Highlights of its first six months of operations included:

  • Technical guidance (including data management support packs) and seed funding issued to CGIAR Centers to implement CGIAR’s Open Access and Data Management Policy. This contributed to a significant increase – of 10% or more at most Centers – in the number of public datasets and publications made available via their data repositories.
  • Launch of a prototype data search tool, ‘GARDIAN’, enabling any user to search for available CGIAR publications and datasets across more than 30 open databases system-wide.
  • Communities of Practice established for six key areas for data-enabling food security research: socioeconomic data, geospatial data, data-driven agronomy, crop modelling, livestock data for decision-making, and data ontologies.
  • The first annual CGIAR Convention on Big Data in Agriculture, convened in Colombia and attended by around 300 global innovators, researchers, and thought leaders from public, private, and non-profit partners, who agreed on an action plan.
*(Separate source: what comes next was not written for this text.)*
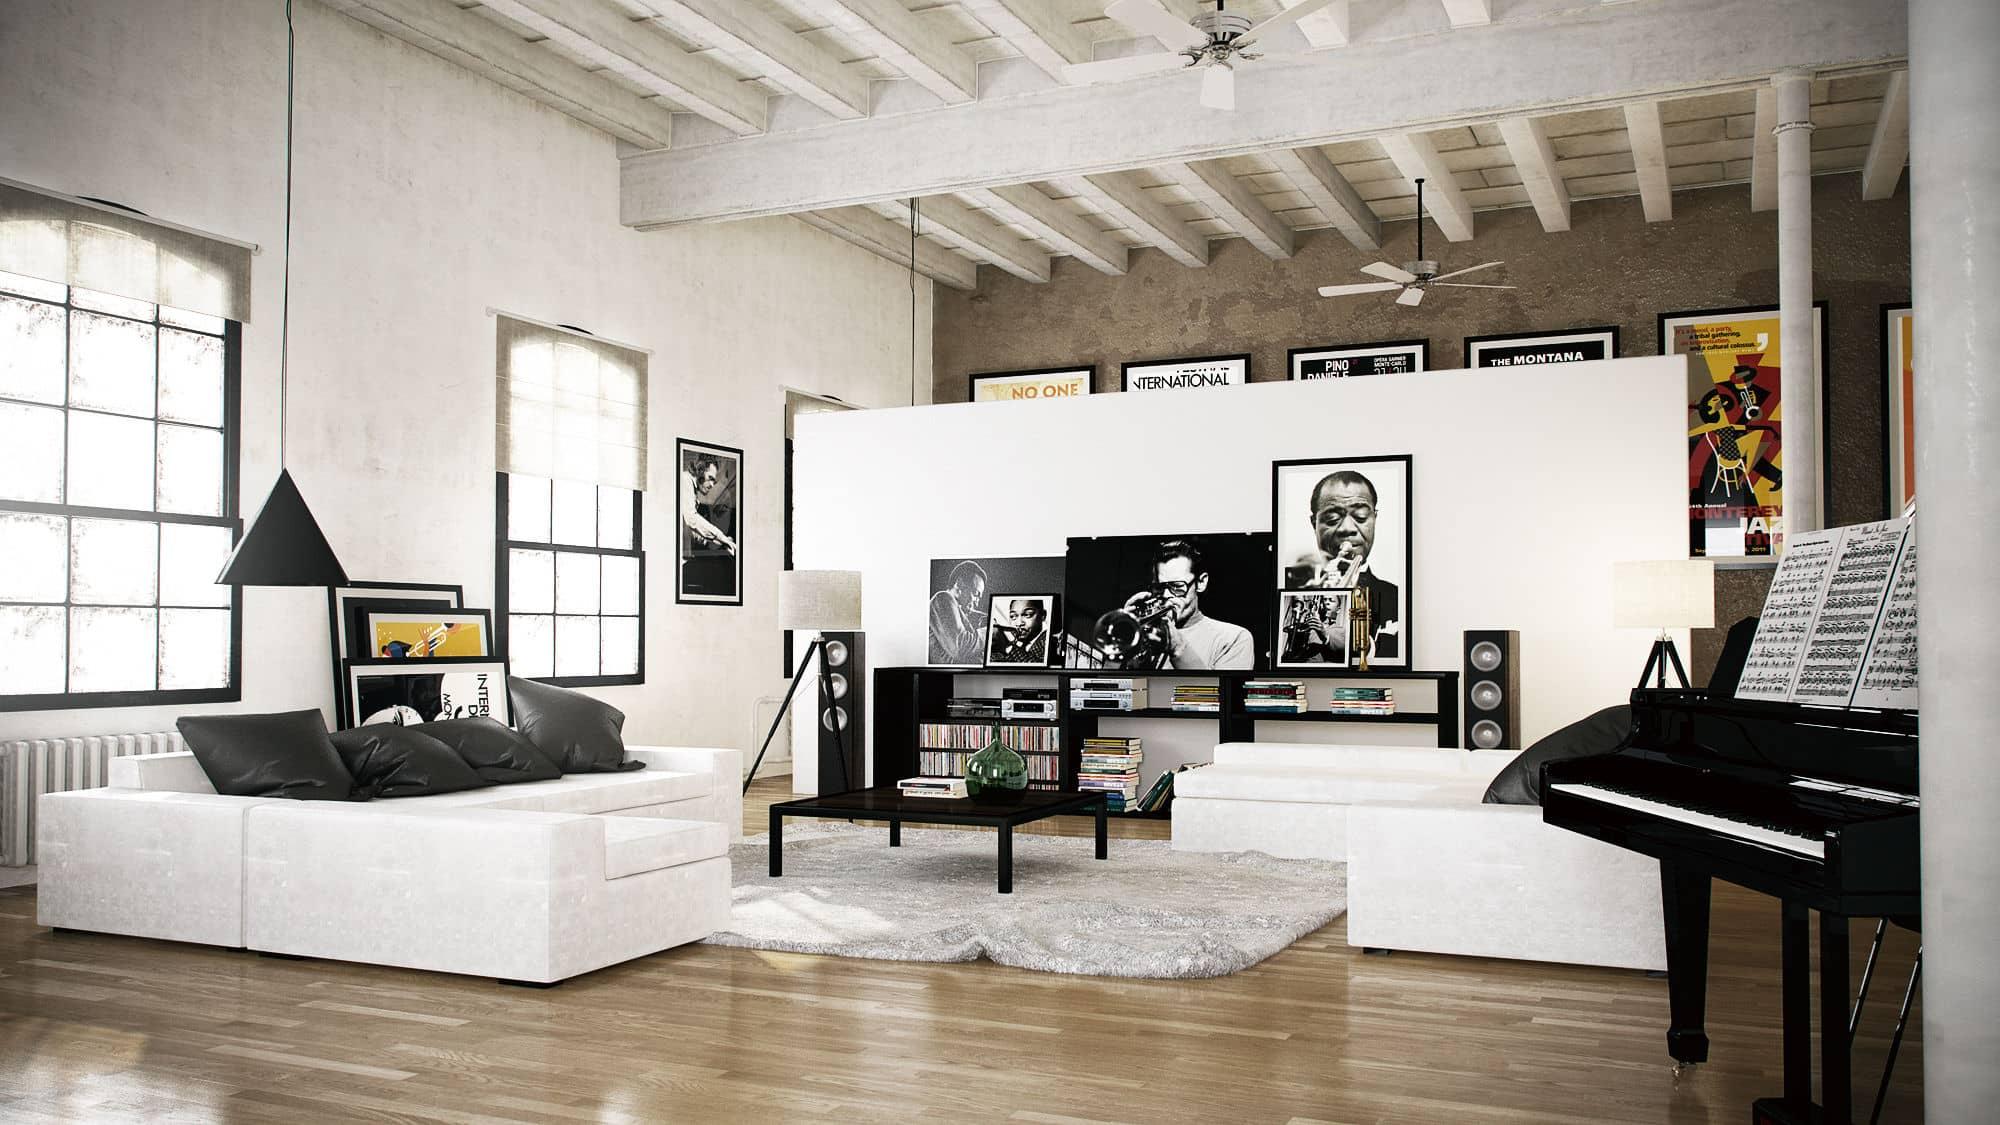 d coration d 39 un loft rez 44 permis de construire d claration de travaux pixela. Black Bedroom Furniture Sets. Home Design Ideas

  • Launch of an open innovation process called the Inspire Challenge, which attracted submissions from 120 teams from 37 countries. The aim is to apply data to help solve development problems faster, for less money, and more efficiently. External expert judges chose five teams to receive start-up grants of USD 100,000 each in support of leading-edge applications of data, including in-field disease gene sequencing and identification, social media-enabled animal health, and intermediating a whole market system via mobile phones.

The Platform’s activities were funded almost entirely by CGIAR Trust Fund Windows 1 and 2.